- Data to use
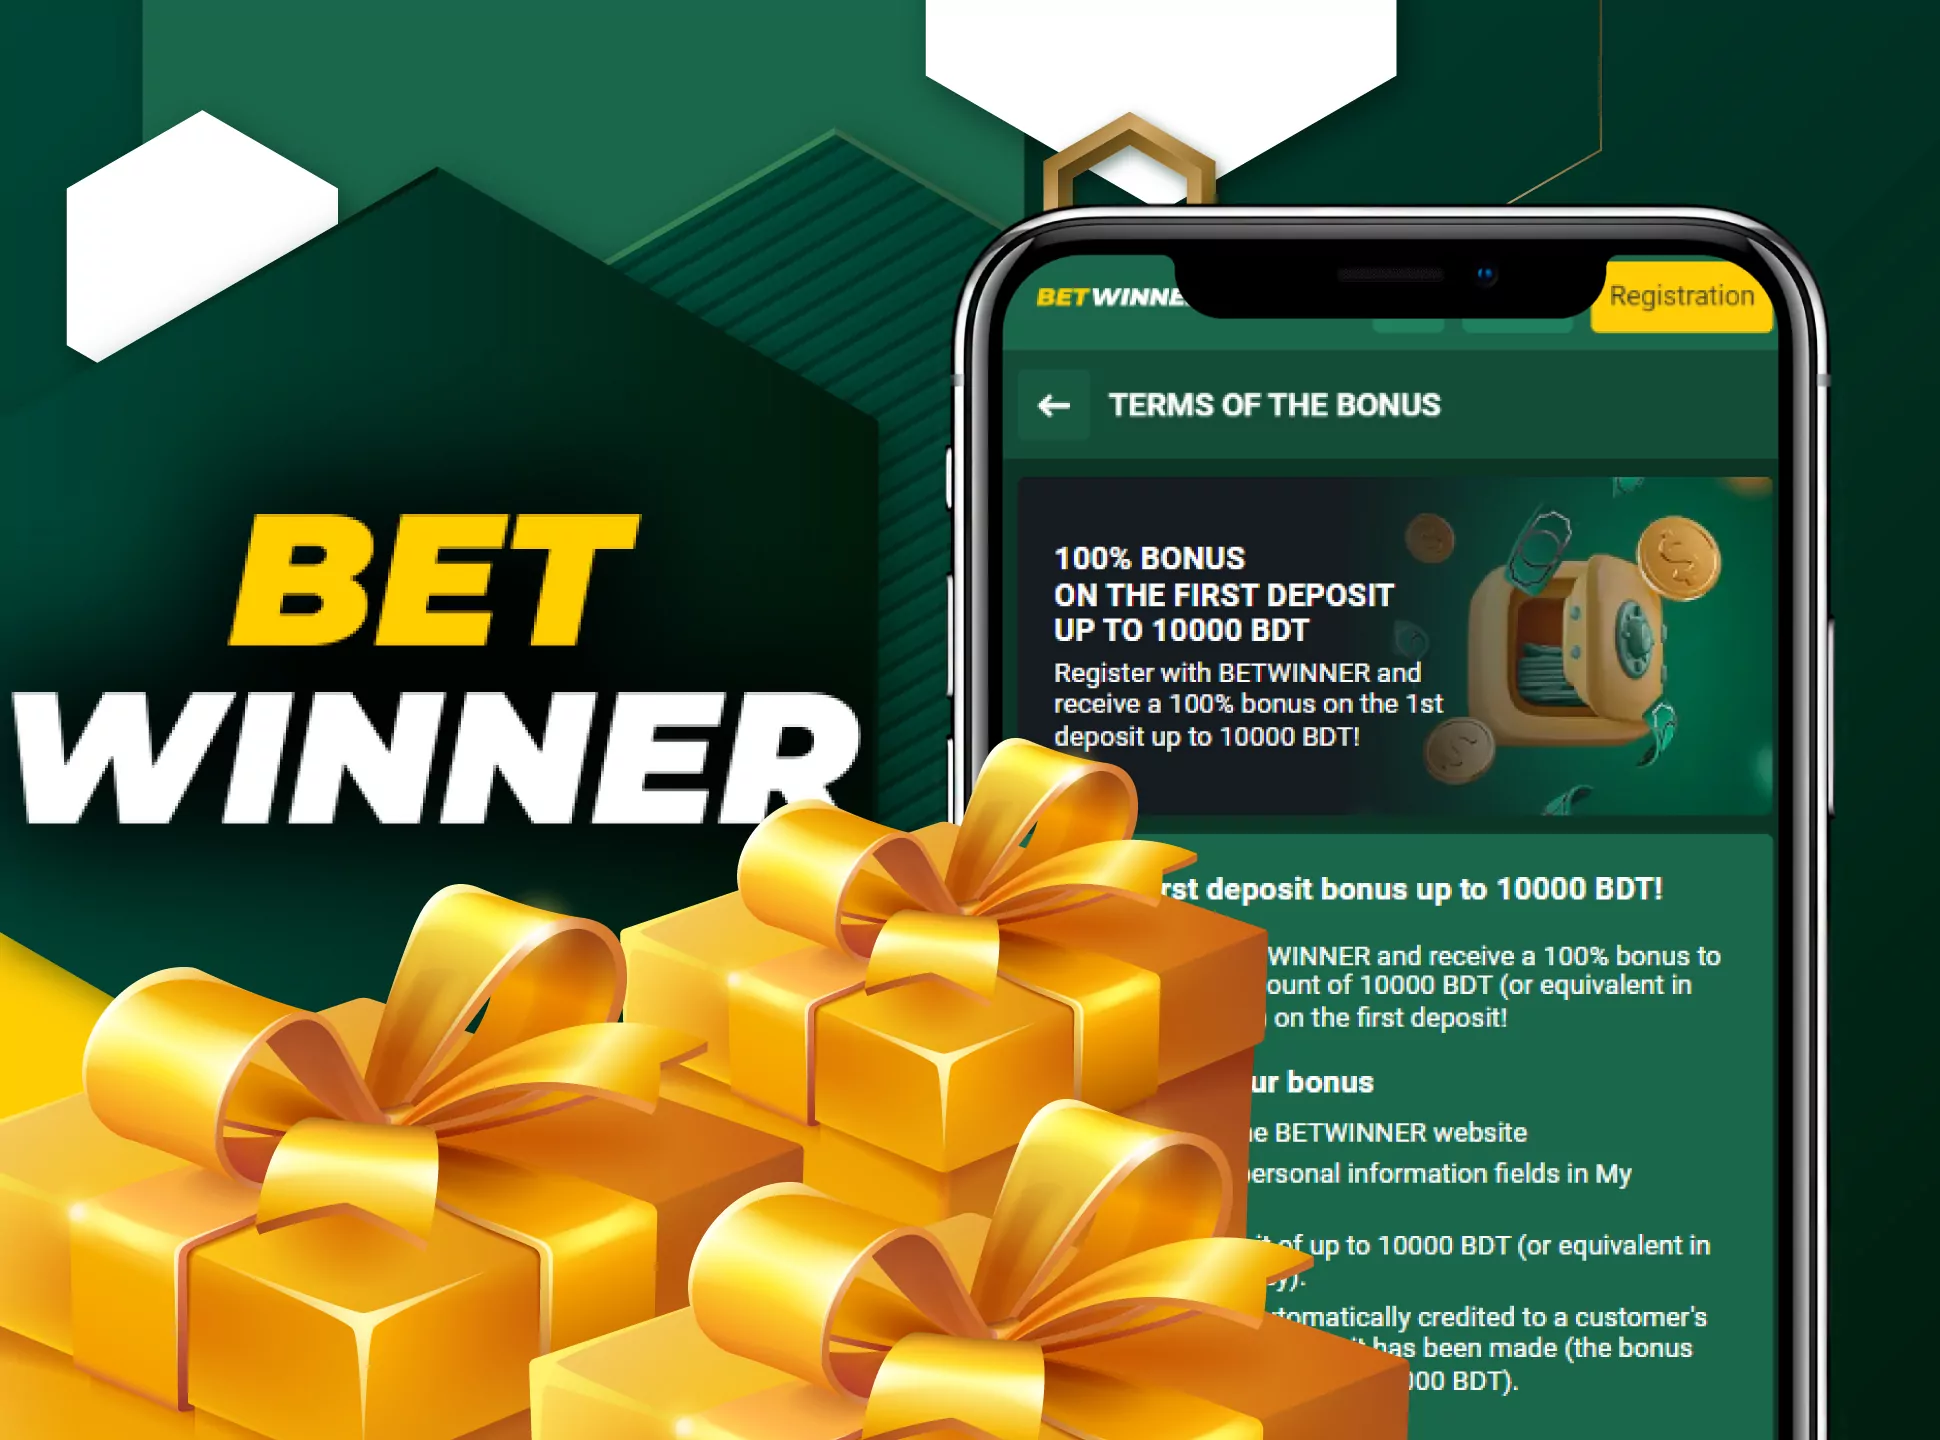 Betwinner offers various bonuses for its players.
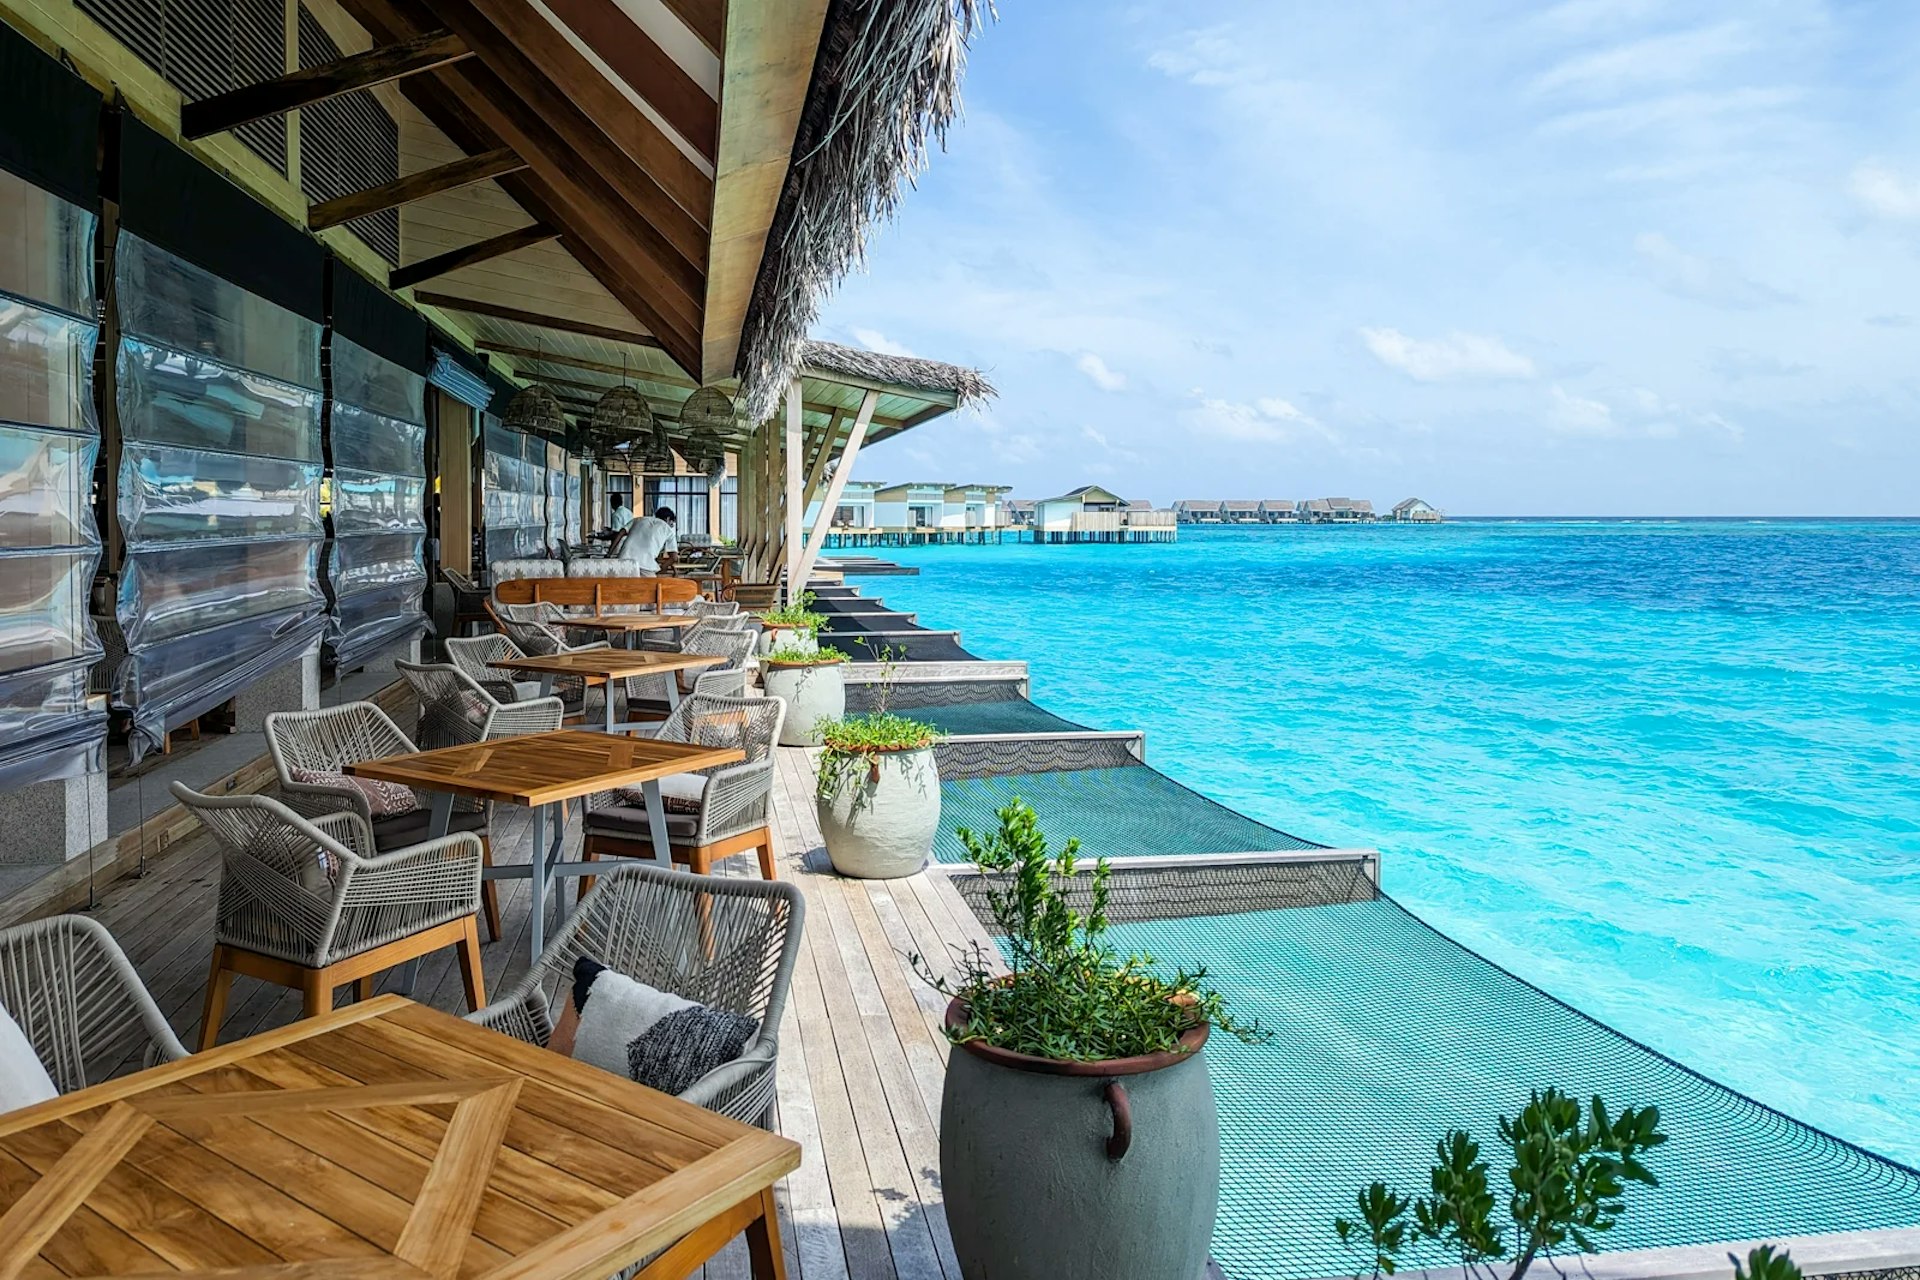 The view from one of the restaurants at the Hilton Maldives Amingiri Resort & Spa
* * *
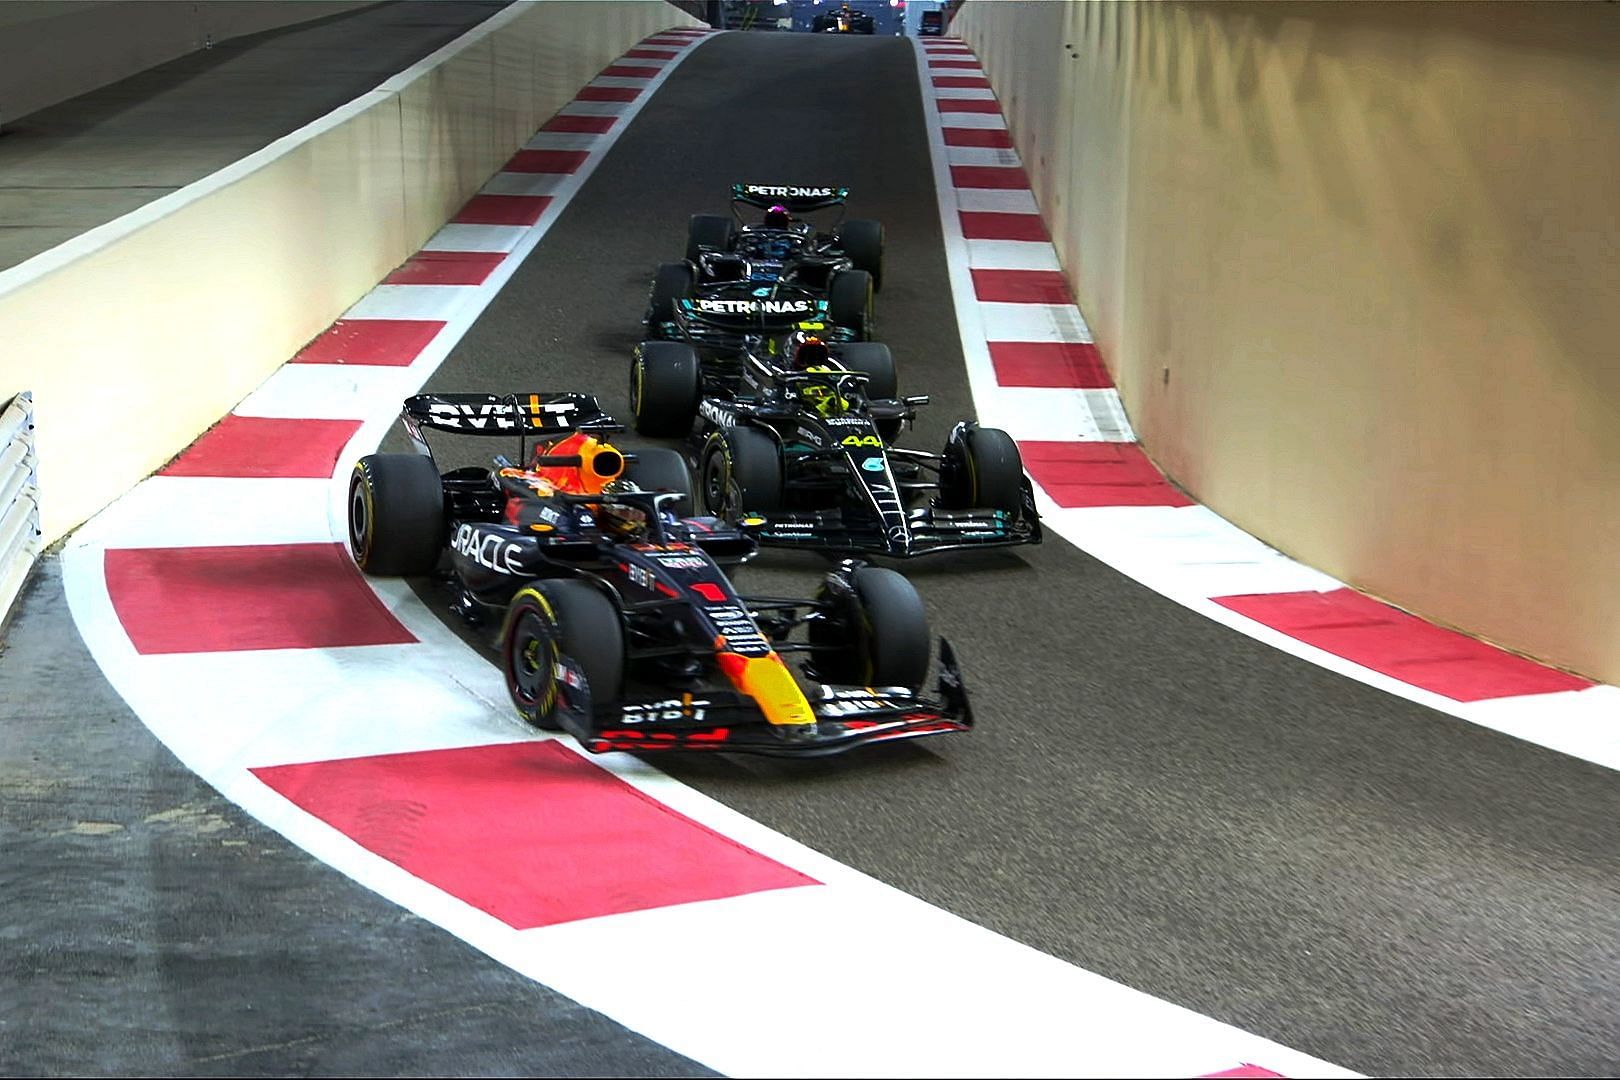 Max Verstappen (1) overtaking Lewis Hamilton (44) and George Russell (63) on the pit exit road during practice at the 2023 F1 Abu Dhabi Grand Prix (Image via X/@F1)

- What is required
Return only the part above that opens with the line containing "Betwinner offers various" and closes with the line containing "The view from", exactly and with both ends, skipping the pictures.

- Exercise answer
 Betwinner offers various bonuses for its players.
 The view from one of the restaurants at the Hilton Maldives Amingiri Resort & Spa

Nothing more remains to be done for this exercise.